TransFresh had provided enough detail about the video and statements on the website to meet Rule 9(b)’s requirements.  However, the allegations related to the sealable bags promotion weren’t enough: TransFresh didn’t allege “who specifically made these statements, when the statements were made, or to whom they were made.”  (I can’t believe this really means that TransFresh has to provide the name of the person at PeakFresh who sent out the bags and accompanying claims.  But then I don’t agree that Rule 9(b) should apply to statutory claims that don’t require any intent.)  Likewise, the statements about the UC Davis study weren’t identified with sufficient specificity in terms of where and when, nor about why omissions about other studies were misleading, and the shelf life/organic statements also lacked sufficient detail.
PeakFresh also argued that its principle, Gregory Ganzerla, shouldn’t be a defendant.  Principals may be liable if they participate in a wrong or authorize or direct that it be done.  A plaintiff must identify a defendant’s role in an allegedly fraudulent scheme.  Here, TransFresh didn’t plead with sufficient specificity to identify Ganzerla’s role, or plead sufficient facts to support alter-ego liability.

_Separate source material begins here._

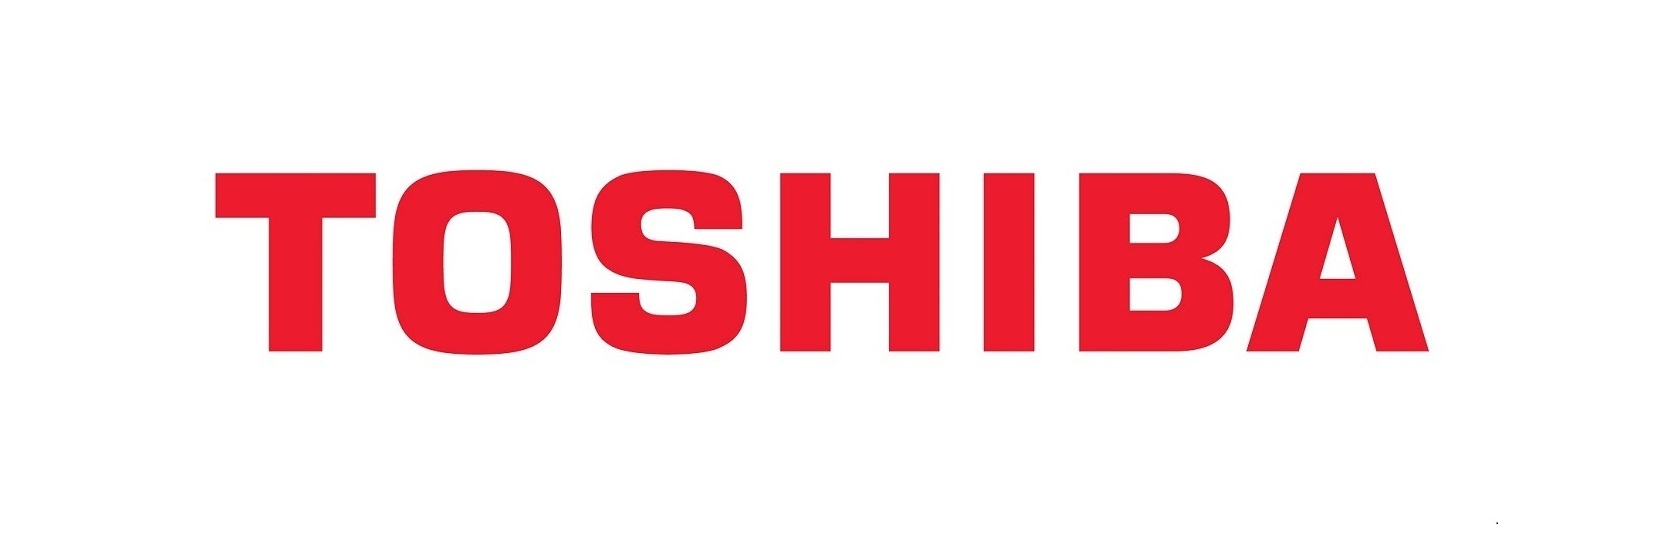 Toshiba кондиционеры купить в новосибирске и бердске

PeakFresh argued that the declaratory relief claim was unripe.  The court disagreed.  The C&D “accused TransFresh of false advertising, listed specific statements and addressed in detail why these statements were false and misleading.”  “Notably,” the statements at issue were mirror images of the ones TransFresh attacked in its own complaint.  Also, PeakFresh threatened to “hold TransFresh responsible and liable for its unlawful and tortious conduct” if TransFresh did not comply with PeakFresh's demands by December 9, 2011.  So the declaratory relief claim was appropriate.